How many hard fought victories felt like the end of the Revolution for Washington and his men? I don’t know. But I can almost guarantee that there were a few. A few moments when they thought, “its been tough, but I think we’ve broken their backs now boys.” But then, the next day, more fighting.

How many struggles do we drag ourselves through spiritually? Addictions. Fears. Propensities. Sickness. Hate. Cowardice. All of these things. And how many times do we get through one and think, and hope, and pray, that this was the last one. “Beulah Land bound now”, we think, but the relief we thought we would feel isn’t quite as relieving as we’d hoped. And the water doesn’t taste any sweeter, surely not like a draw from that Crystal River will taste like. We may have a night of rest, or even a week or a month, but the fighting resumes. Our weariness, at times, becomes almost unbearable.

But Saturday night wasn’t over for us. We had drawn our attention to the skies. We had settled in for the promise of dazzle. And we had been fooled by a fake finale’.

But friends, the finale’ came.

And when the finale’ came, there was no doubt in anyone’s mind that this was it. We “oooed” and “awwwed” at the overwhelming number of rockets launched simultaneously. And I distinctly remember thinking to myself, “how stupid to think that fake was the actual finale’…I know a finale’ when I see it.” There was indeed a silent agreement, among the thousands of us underneath that glorious display, that we had all been disappointed before. We didn’t want to admit it right off, but now, we were ready to be honest. THIS was the finale’.

Could it be that we get fooled into thinking that the incremental victories and the small skirmishes that we encounter in our spiritual lives are finale’s? Do we place the weight of our impatience upon those things, praying that those would be the moments that we find the “missing pieces”? Though we might be embarrassed to say it at times, not wanting to offend our families, pets, or our own rational sensibilities, but if we were honest could we at least admit that our souls are desperate for the finale’?

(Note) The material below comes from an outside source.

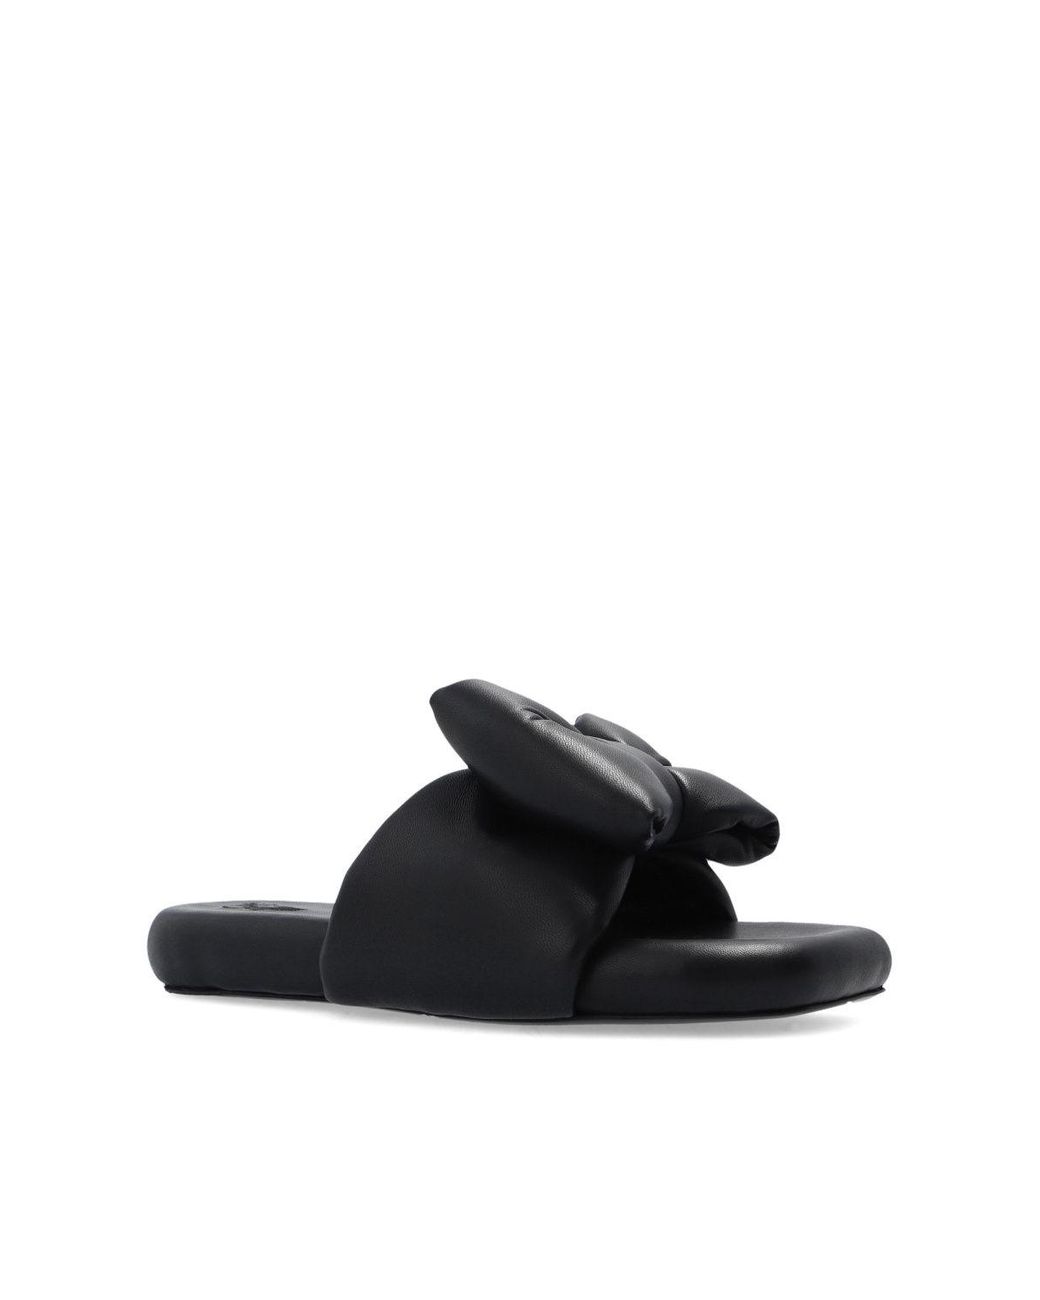 Off-White c/o Virgil Abloh 'extra Padded' Slides With Bow in Black

We’ve been waiting. Mankind has been pining for it for century after wide century. We have tried to make this movement and that movement a finale’, but they never seem to fit the expectations of our hearts. And how did those infernal expectations get so high in the first place? And how, for the love of God, did they get planted so deep in us that we can’t seem to alter them and simply be satisfied with a lesser finale’?

Friends, I encourage you today, when the finale’ comes…not one of us will wonder if “this is it”. When our Savior turns our eyes skyward, it won’t be to fool us, nor for us to once again walk away unsatisfied. His flaming eyes will ignite the kindling of our hearts in such a way that not only will we see the finale’ but we will be a part of it. As the band of burning hearts, waiting so long for their spark, catch ablaze the entire world will watch us streak, flaming across the sky to our Lord’s side. There will be no sense of loss. There will be no disappointment. There will be no crevasse of our soul left un-flooded with His majesty and fire.

I talk about the finale’ today because I’ve been told that this is the way we encourage each other. Just as there were whispers in the crowd last Saturday night when the realization of the fake finale’ was apparent, we are told to encourage each other by reminding one another that those small, partially-fulfilling finale’s that we experience are not the real thing.

Hebrews 10:1, 23-25

For since the law has but a shadow of the good things to come instead of the true form of these realities, it can never, by the same sacrifices that are continually offered every year, make perfect those who draw near.

Let us hold fast the confession of our hope without wavering, for he who promised is faithful. And let us consider how to stir up one another to love and good works, not neglecting to meet together, as is the habit of some, but encouraging one another, and all the more as you see the Day drawing near.